About 34% of workers contribute the same amount and 16% save less. In addition, 24% did not contribute to their retirement savings last year and are not saving this year either.
The main reason given by workers for not contributing more is inflation, with 54% of respondents to the Bankrate survey. This was followed by flat or reduced income, 24%; new spending, 24%; debt repayment, 23%; keep extra cash on hand, 22%; and market volatility, 18%. Of the remaining respondents, 7% said they did not want or need to contribute more, while 5% cited other reasons.
The results come as the IRS just announcement of new contribution limits for retirement accounts in 2023. Workers will be able to contribute up to $22,500 into their 401(k) plans, up from $20,500 this year.
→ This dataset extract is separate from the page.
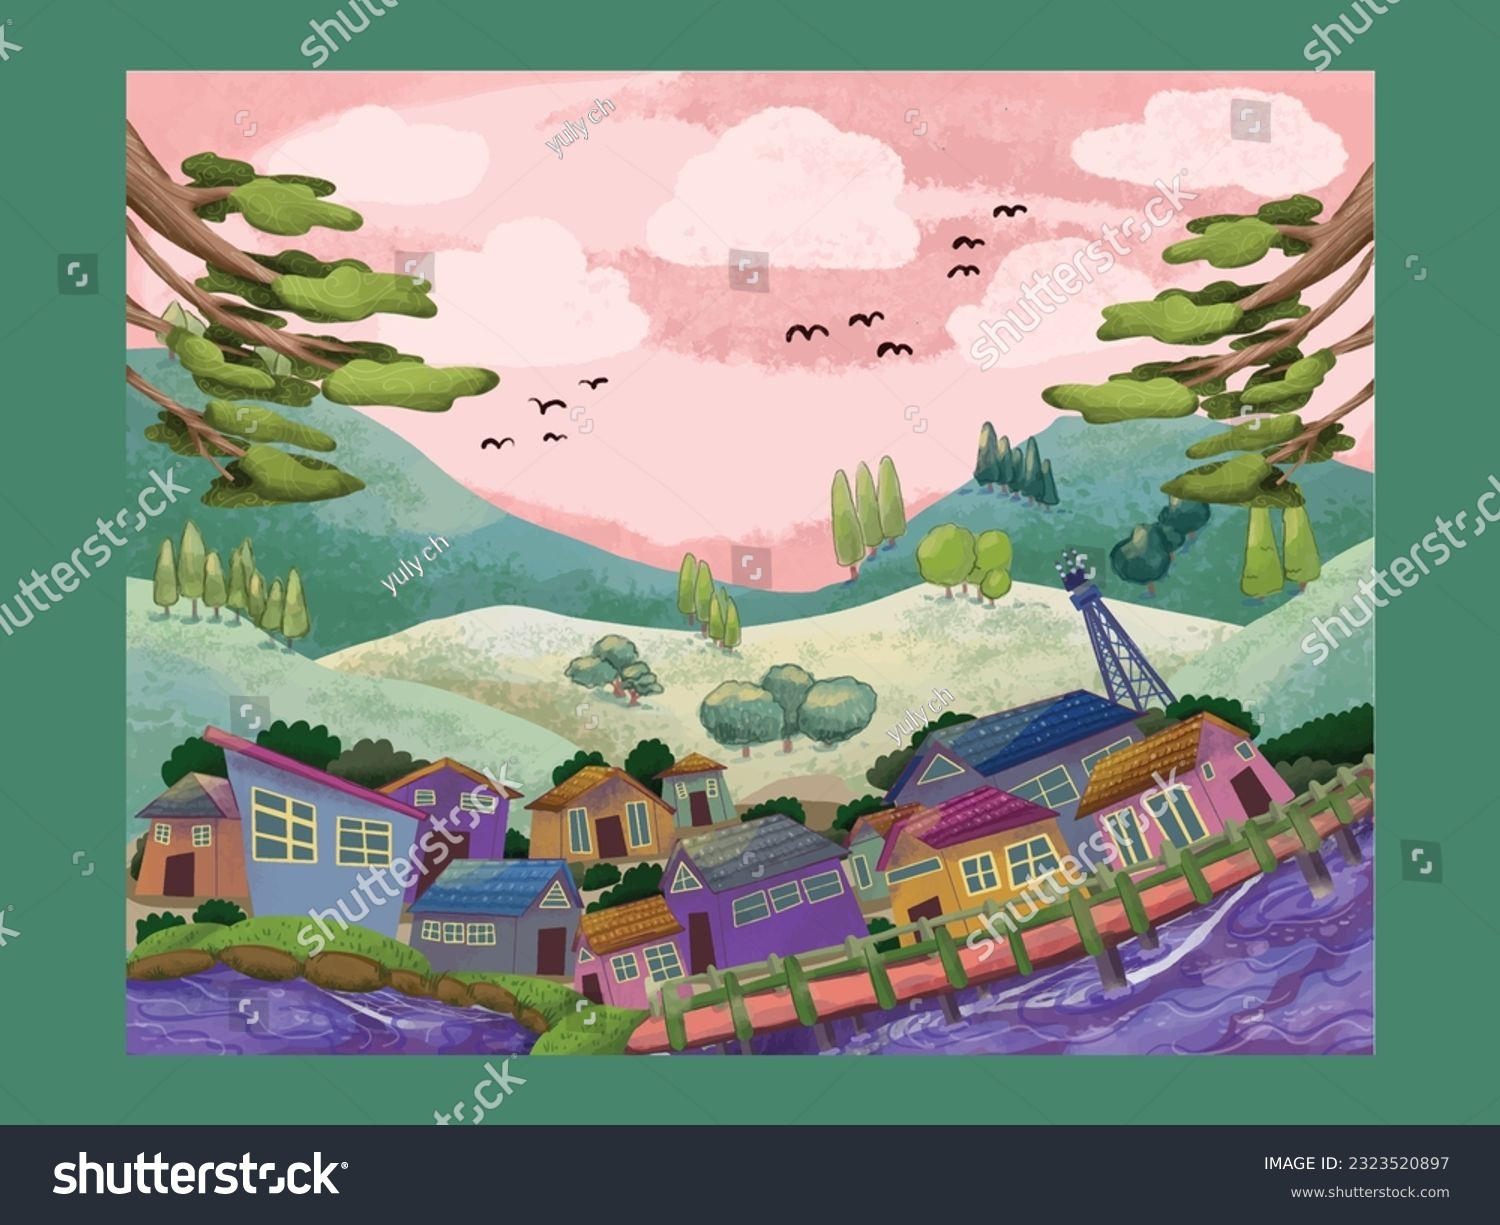 SVG of Aceh Indonesia, Desa Bintang colorful illustration , small beautiful village in Aceh Indonesia  svg

The limit for Individual Retirement Accounts will increase to $6,500 from $6,000 this year.
Those 50 and older can save even more — an additional $7,500 in 401(k) plans in 2023, up from $6,500 this year, and $1,000 more in Individual Retirement Accounts.
Getting close to these limits can be difficult for some workers.
“The labor market may be very strong, but we’ve seen wages not keeping pace with inflation,” said Greg McBride, chief financial analyst at Bankrate.com.
“Half of the workers who got a raise said it wasn’t enough to meet rising household expenses,” he said.
Separately, a recent LendingClub report found that 63% of Americans live paycheck to paycheck, including nearly half of those earning more than $100,000.
“Being employed is no longer enough for the everyday American,” Anuj Nayar, financial health officer at LendingClub, told CNBC.
Working baby boomers aged 58 to 76 were the most likely to say they feel behind on their retirement savings, at 71%. This was followed by 65% of Gen Xers aged 42-57 who said they needed to catch up.
Younger generations said they are more confident they can maintain their retirement savings, with 46% of millennials saying they are behind and only 30% of Gen Z workers.
The results coincide with a key finding from previous surveys that the first financial regret What Americans have is that they haven’t started saving for retirement soon enough, according to McBride.
“The closer you get to retirement, the more likely you are to say it’s your biggest financial regret,” McBride said.
One of the main reasons older workers feel more remorse is that they have less time left in the labor market, so they have less time to catch up with the savings they have. feel they have missed.
Also, although they plan to work longer, circumstances beyond their control may cut short their career.
The good news is that there are steps workers of all ages can take to boost their retirement confidence, according to McBride.
“Successful saving is a matter of habit,” McBride said.
“The best way to establish this habit and maintain it is to automate your contributions“, he said, through payroll deductions in an employer-sponsored plan or an automatic monthly transfer into something like an IRA.
This way you won’t be tempted to use the money elsewhere.
Moreover, if you do pre-tax contributions$1 saved will not reduce your take home pay by $1.
While younger workers with the longest time horizons have the greatest advantage, it still pays off for those in the middle or late stages of their careers to increase their carryover rates.
Those who continue to invest in this bear market when stock prices are lower hold on to reap the most rewardsaccording to McBride.
“When you look back 10, 15 years from now, you’ll be really glad you persevered in 2022,” he said.